I have a 20-node swarm setup(3 managers, 17 workers) on 64-bit ubuntu 14.04, docker engine 17.04.0-ce on the nodes. I’m having connectivity issues between nodes with --endpoint-mode vip
. I see it on all the services I’m deploying. This is a new swarm that we’re starting QA testing in.
A few thoughts first:
- We use docker deploy with compose files, which is “experimental” so we have
--experimental
turned on in /etc/default/docker. I am about to test deploying a service with experimental features turned off on some nodes to see if the same behavior is exhibited. We usedocker deploy -c docker-compose.yaml dev --with-registry-auth
to deploy the individual services. - I can’t find any way to debug the gossip protocol that the swarm nodes use to communicate with each other. It sure would be cool if I could see any errors the swarm networking is seeing.

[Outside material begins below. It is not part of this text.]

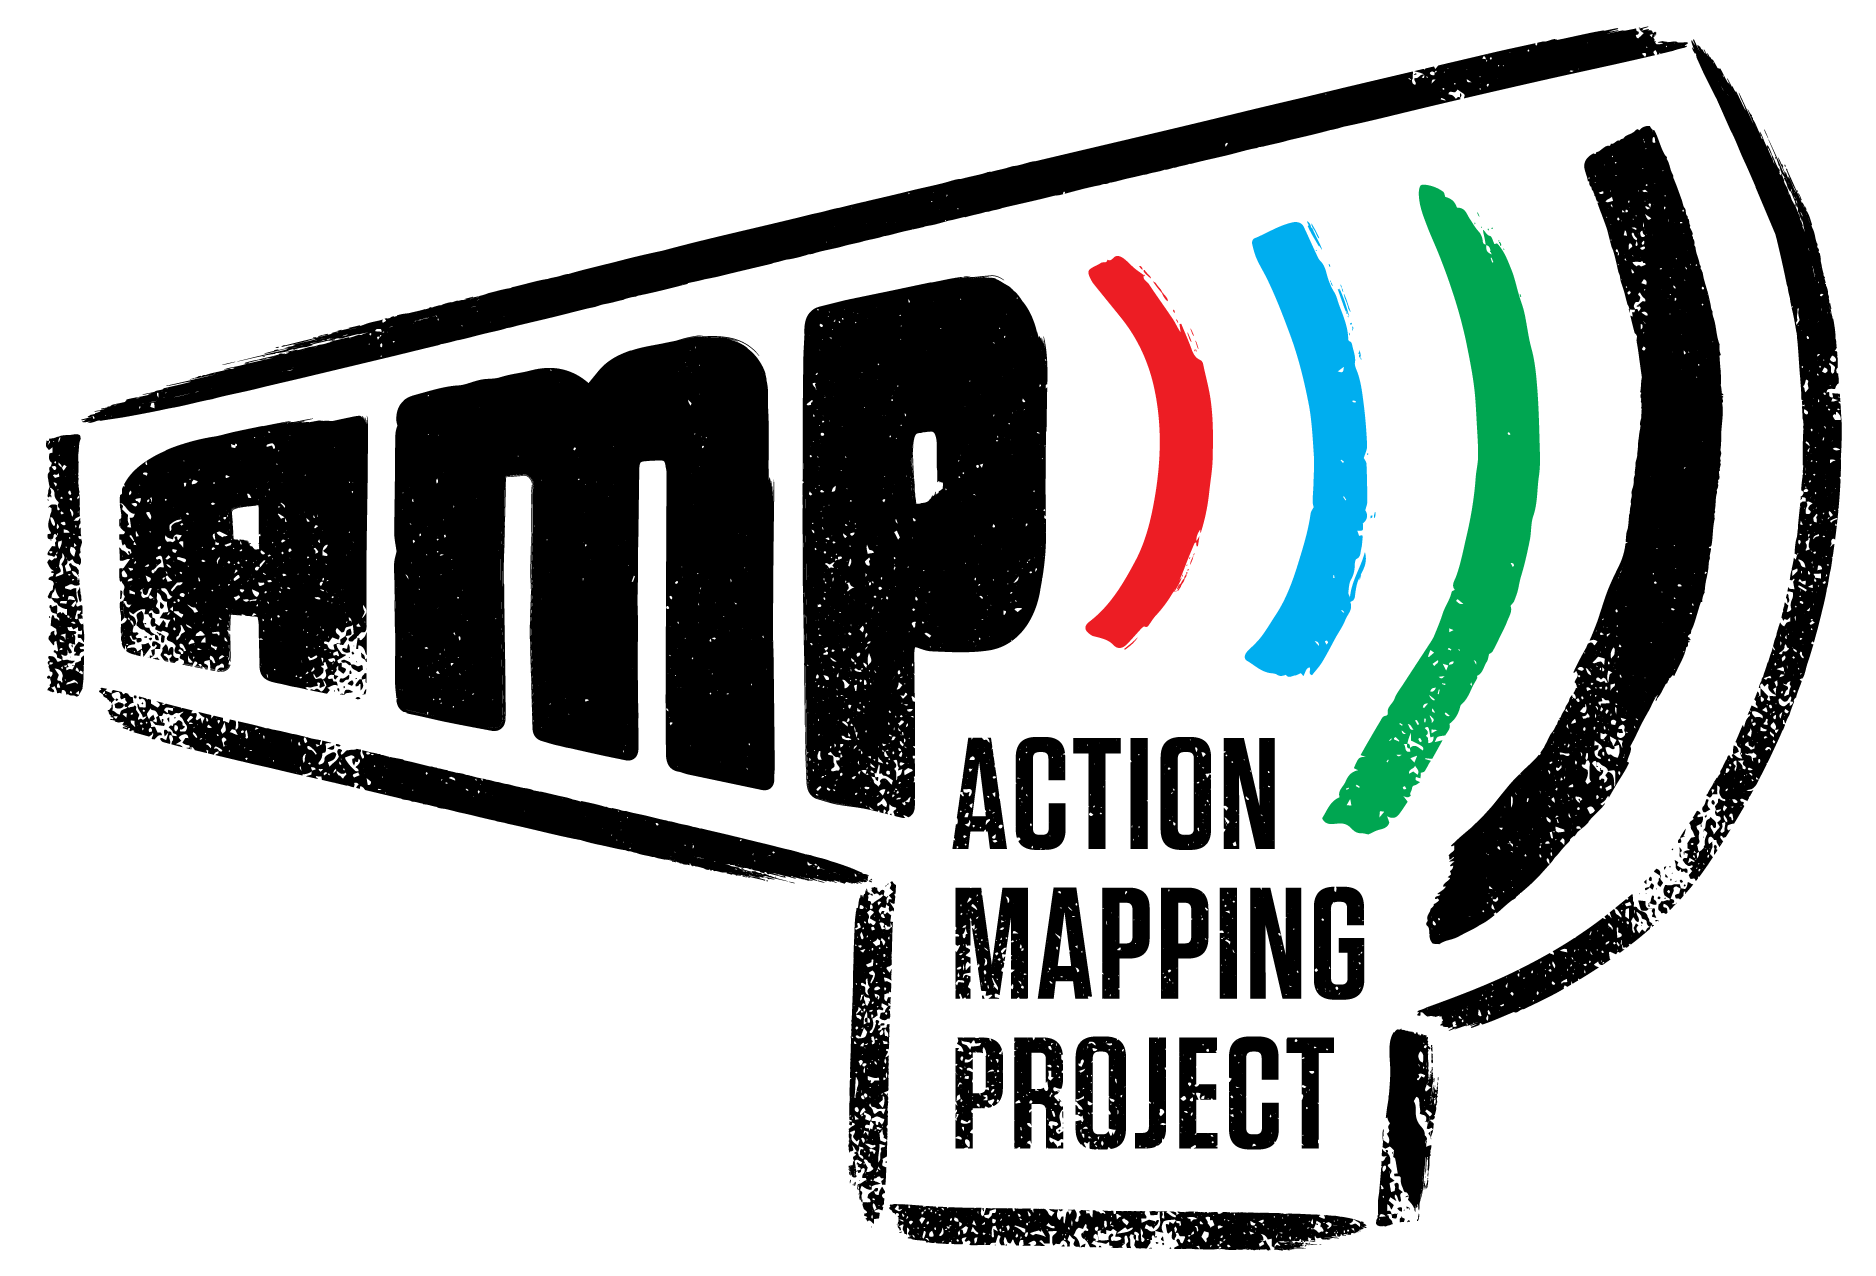 Action Mapping Project Logo

- This behavior seems to only exist with using the default
--endpoint-mode vip
, but seeing how this is REQUIRED for ingress routing, that presents a problem with our ingress into the swarm from haproxy.
Our DOCKER_OPTS from /etc/default/docker:
DOCKER_OPTS="\
-H unix:///var/run/docker.sock --ip-forward=true --iptables=true --ip-masq=true --bip=172.31.0.1/16 --experimental"
Example 1:
Elastic search across 3 worker nodes using constraints to ensure the service “sticks” to that node - our docker-compose.yaml (only showing the first elasticsearch service, there’s two more I omitted for brevity).
version: '3'
services:
elasticsearch1:
image: mirror/elasticsearch:5.2.2
command: elasticsearch -Enetwork.host=0.0.0.0 -Ediscovery.zen.ping.unicast.hosts=dev_elasticsearch1,dev_elasticsearch2,dev_elasticsearch3 -Ecluster.name=dev-cluster -Expack.security.enabled=false -Ediscovery.zen.minimum_master_nodes=2 -Enode.master=true -Enode.name=dev_elasticsearch1
deploy:
mode: replicated
replicas: 1
labels: [APP=elasticsearch]
restart_policy:
condition: on-failure
delay: 5s
max_attempts: 3
window: 120s
placement:
constraints: [ 'engine.labels.stage==dev','engine.labels.node==01' ]
resources:
limits:
memory: 1G
environment:
- "ES_JAVA_OPTS=-Xms512m -Xmx512m"
- VIRTUAL_HOST=esproxy
- VIRTUAL_PORT=9200
ulimits:
memlock: -1
nofile:
soft: 65536
hard: 65536
volumes:
- esdata1:/usr/share/elasticsearch/data
networks:
- elasticsearch-backend
logging:
driver: "gelf"
options:
gelf-address: "udp://graylog:12201"
tag: 'elasticsearch'
esproxy:
image: mirror/jwilder/nginx-proxy
networks:
- elasticsearch-backend
- elasticsearch
volumes:
- /var/run/docker.sock:/tmp/docker.sock:ro
deploy:
mode: replicated
replicas: 3
labels: [APP=esproxy]
placement:
constraints: [ 'engine.labels.stage==dev' ]
logging:
driver: "gelf"
options:
gelf-address: "udp://graylog:12201"
tag: 'esproxy'
volumes:
esdata1:
esdata2:
esdata3:
networks:
elasticsearch:
driver: overlay
elasticsearch-backend:
driver: overlay
What happens is that there’s the initial zen discovery but then at some point, they get timeouts, zen pings fail, and in general the containers lose connectivity to each other. I’ve gone into the running containers and done connectivity tests, which show intermittent connectivity problems.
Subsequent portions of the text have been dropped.